§ Extracted records:
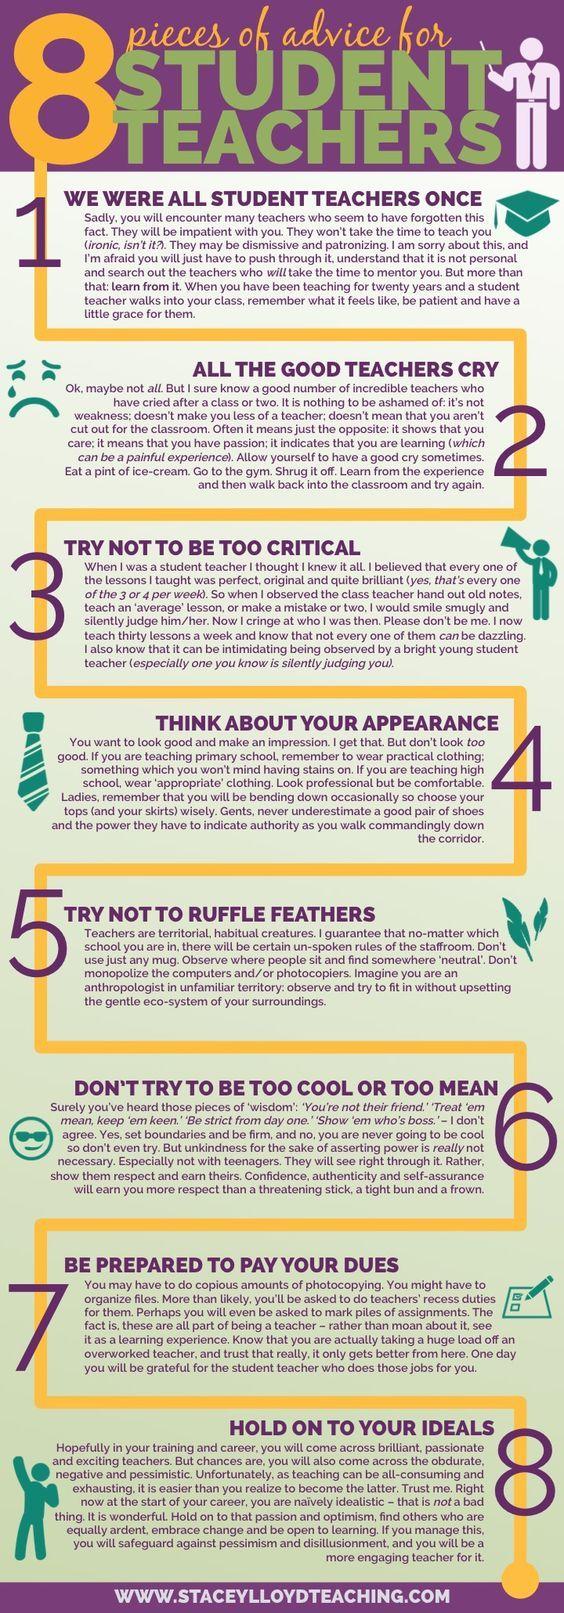 Advice to student teachers
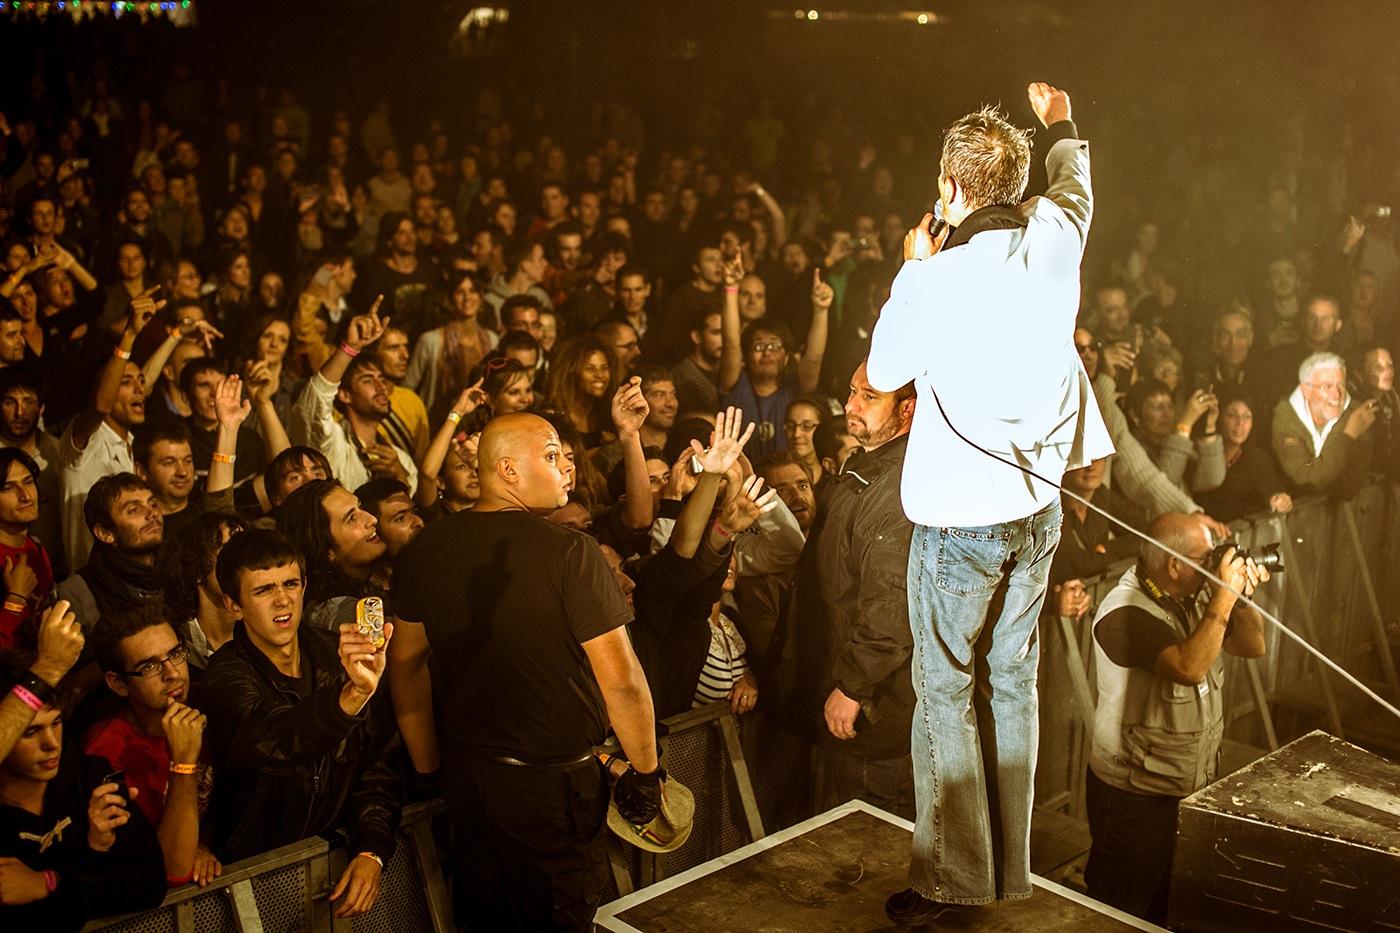 photographe-reportage-festival-rockadel-guillaume-heraud-032-small
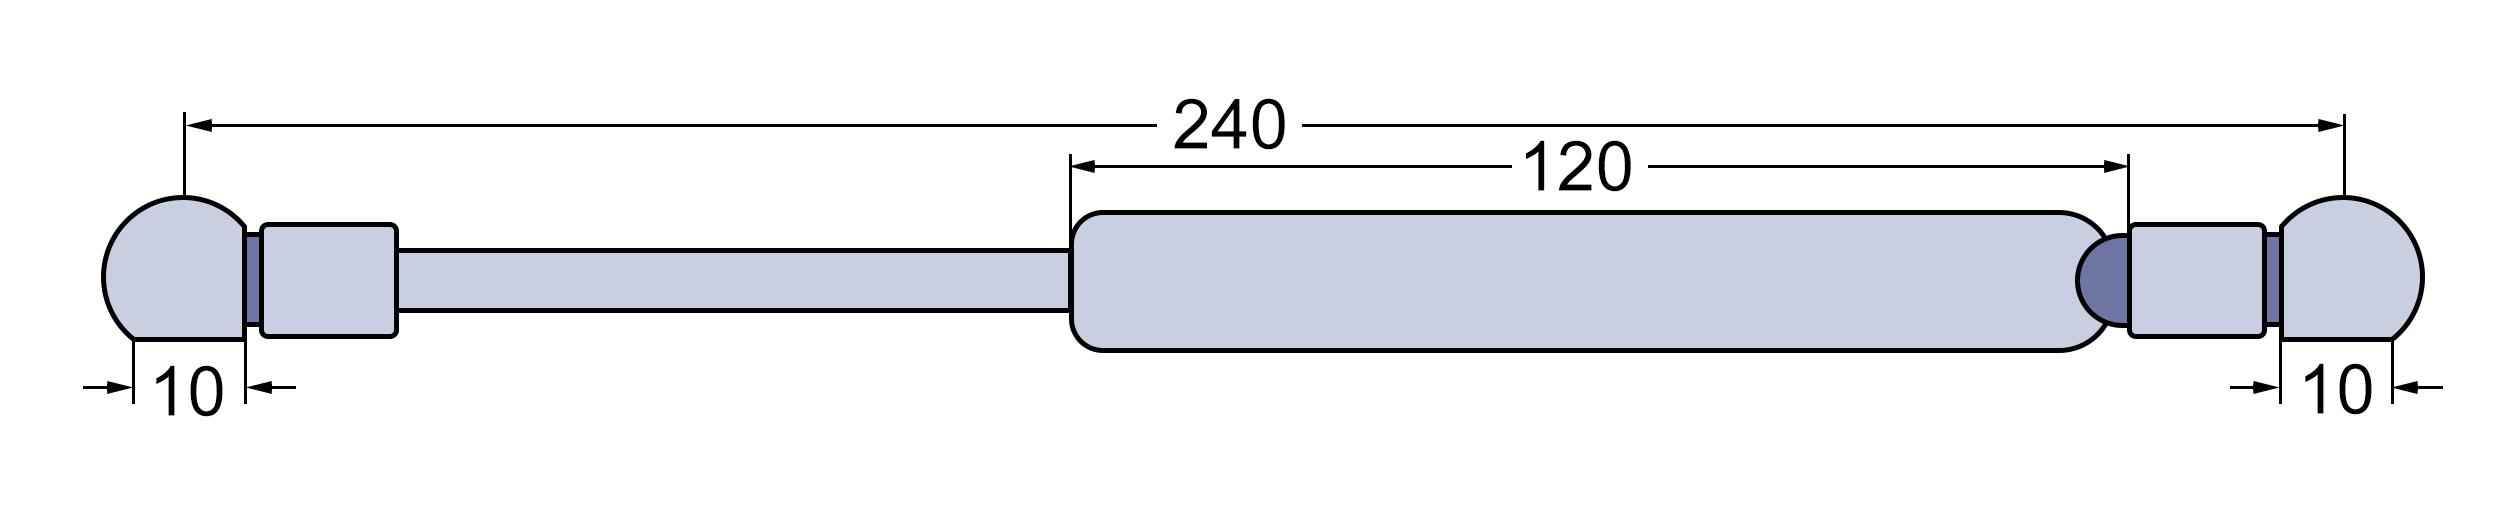 80-260 106-160MK3 6.00-6.45 Gasdruckfeder Deutz Tür Agrotron 4.70-4.95
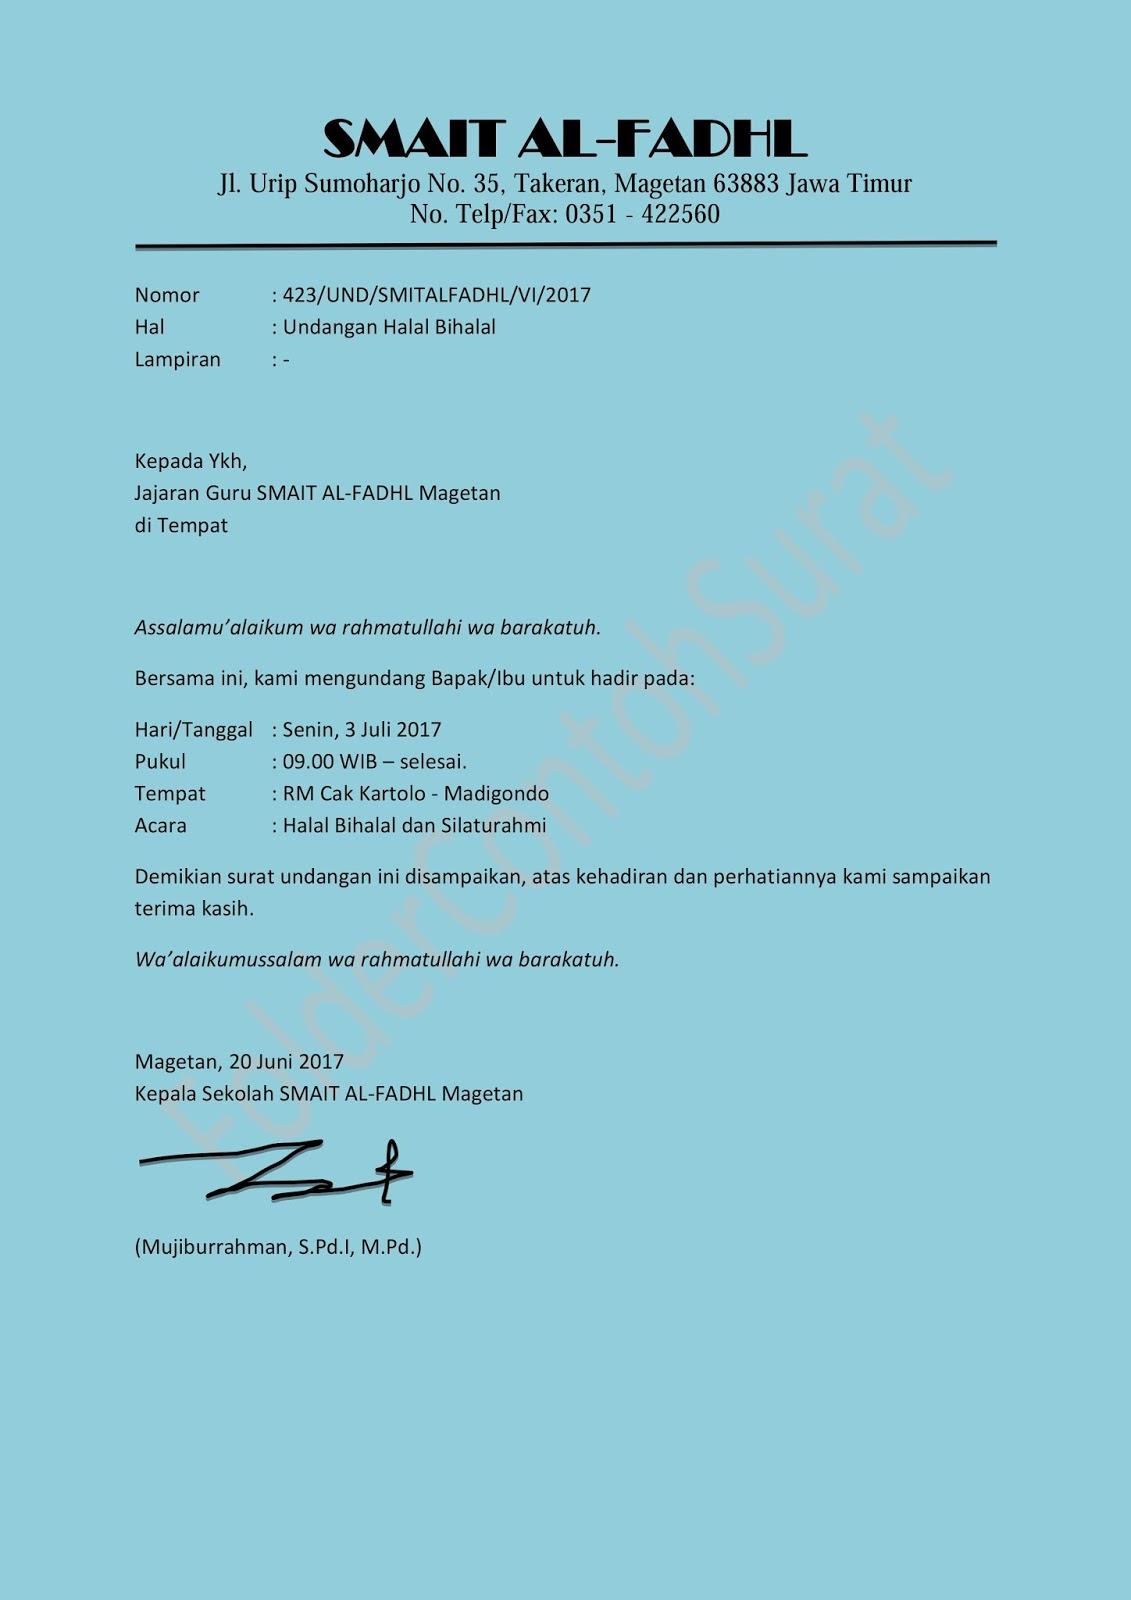 Contoh Surat Undangan Halal Bihalal Idul Fitri Folder Contoh Surat
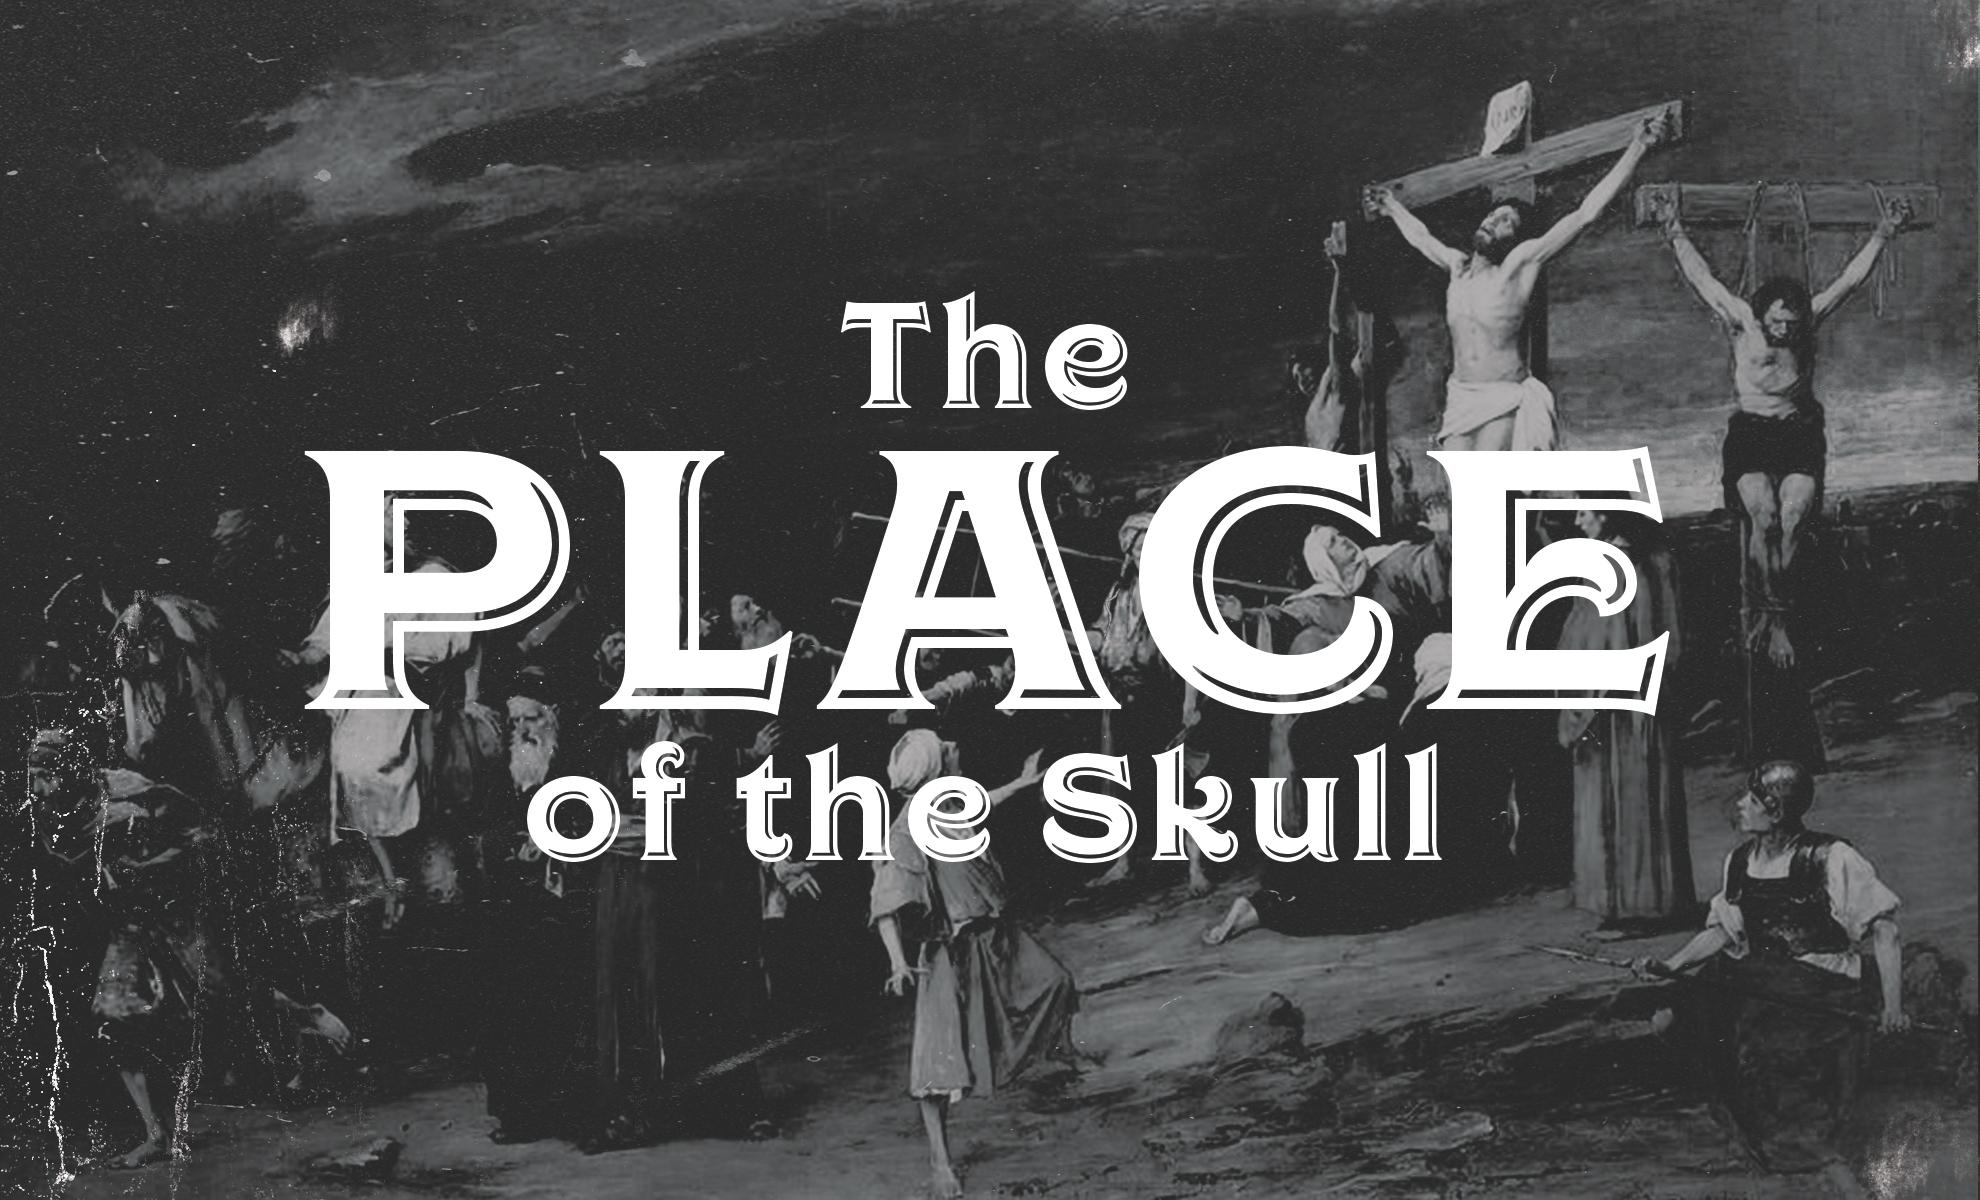 4 Good-Friday-Photo-Slides-2017 The PLace of the Skull B.jpg

§ Problem to work on:
All lines from the one containing "80-260 106-160MK3 6.00-6.45" through the final line of the records are to be retyped exactly; no other lines and no pictures are to be included.

§ Task answer:
 80-260 106-160MK3 6.00-6.45 Gasdruckfeder Deutz Tür Agrotron 4.70-4.95
 Contoh Surat Undangan Halal Bihalal Idul Fitri Folder Contoh Surat
 4 Good-Friday-Photo-Slides-2017 The PLace of the Skull B.jpg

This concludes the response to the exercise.